Top of Information supplied

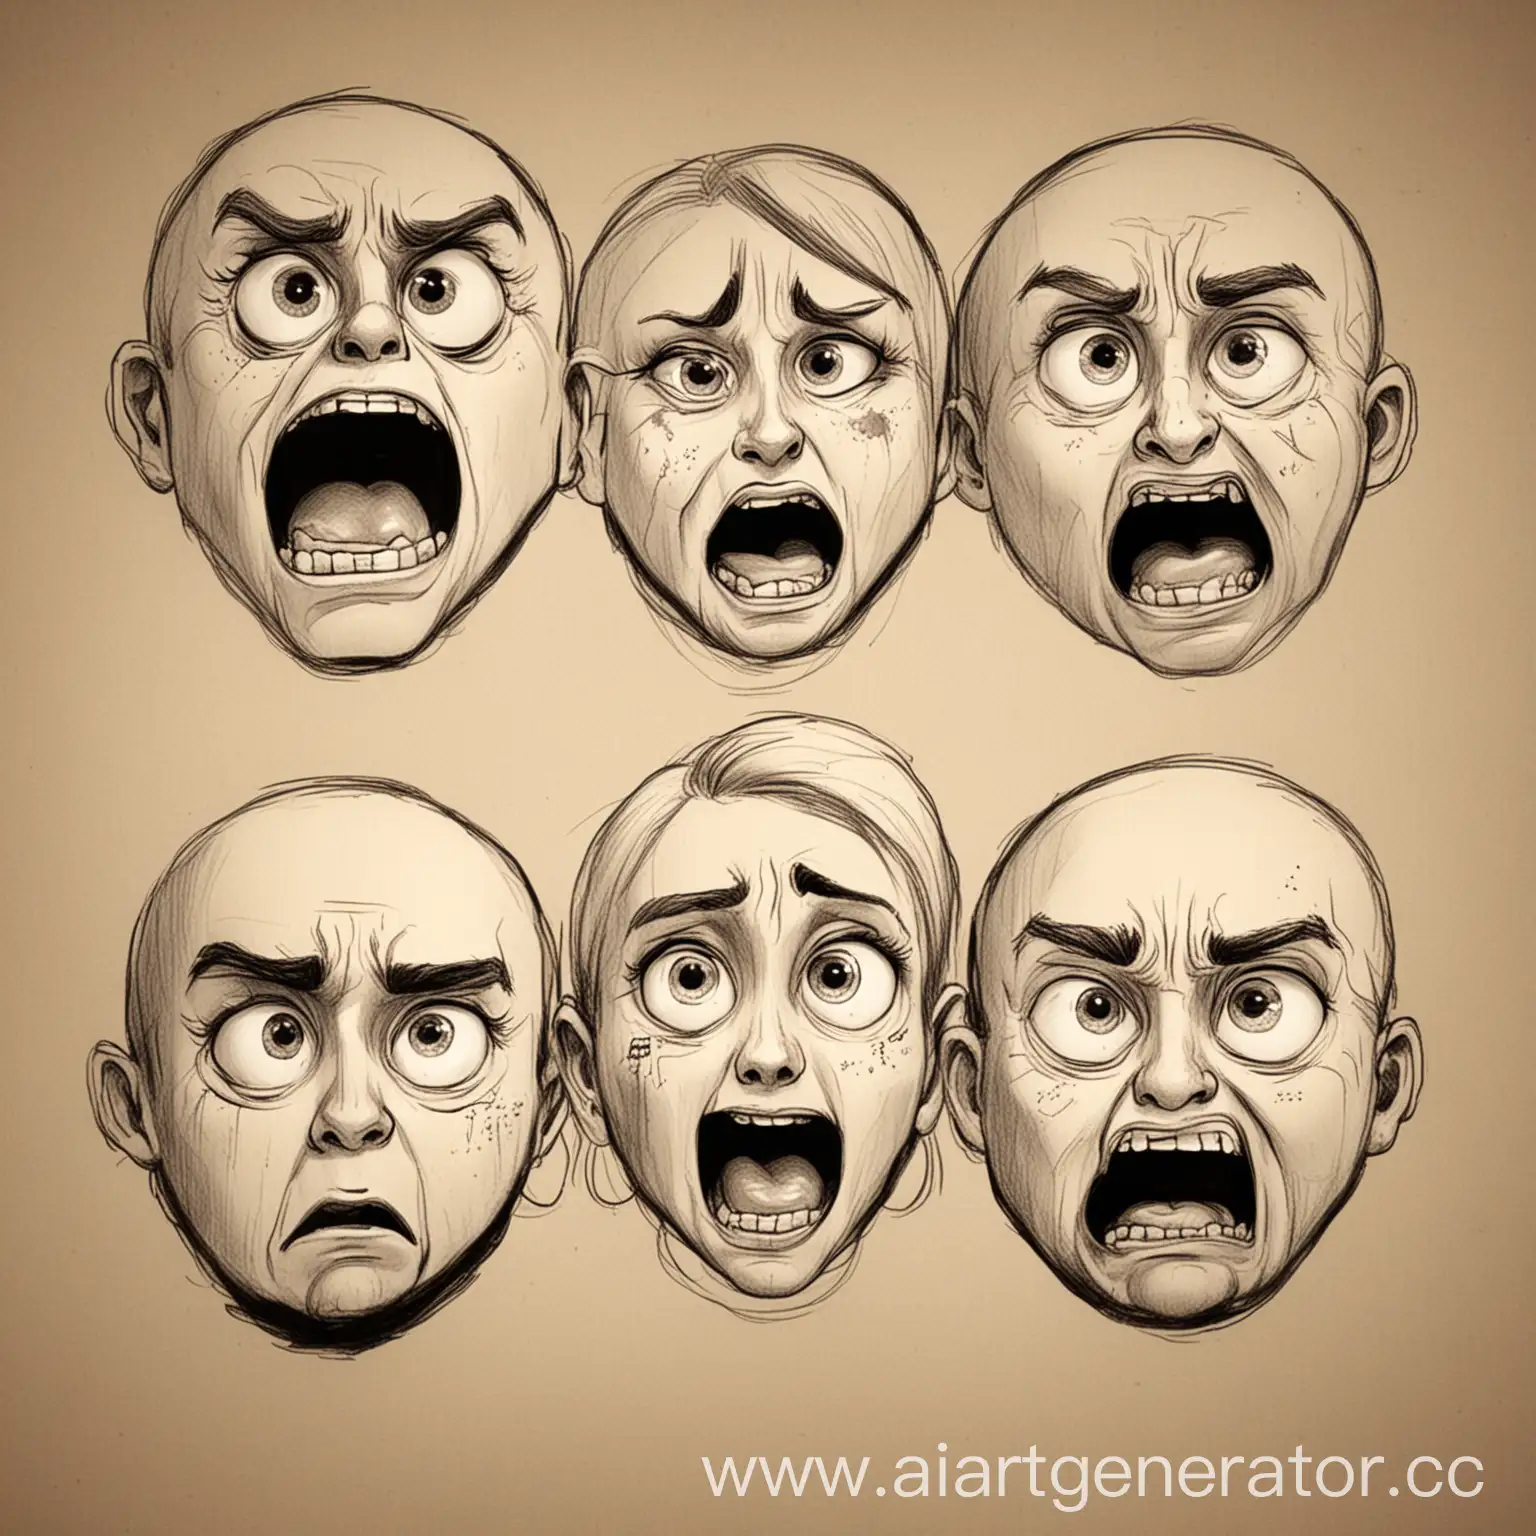 4 эмоции : наслаждение, злость, удивление, испуг
4 лица
разные стили рисовки
рисунок

Bottom of Information supplied

• _Description of the task_
Repeat every line above precisely; pictures do not belong in the copy.

• _Response below_
 4 эмоции : наслаждение, злость, удивление, испуг
4 лица
разные стили рисовки
рисунок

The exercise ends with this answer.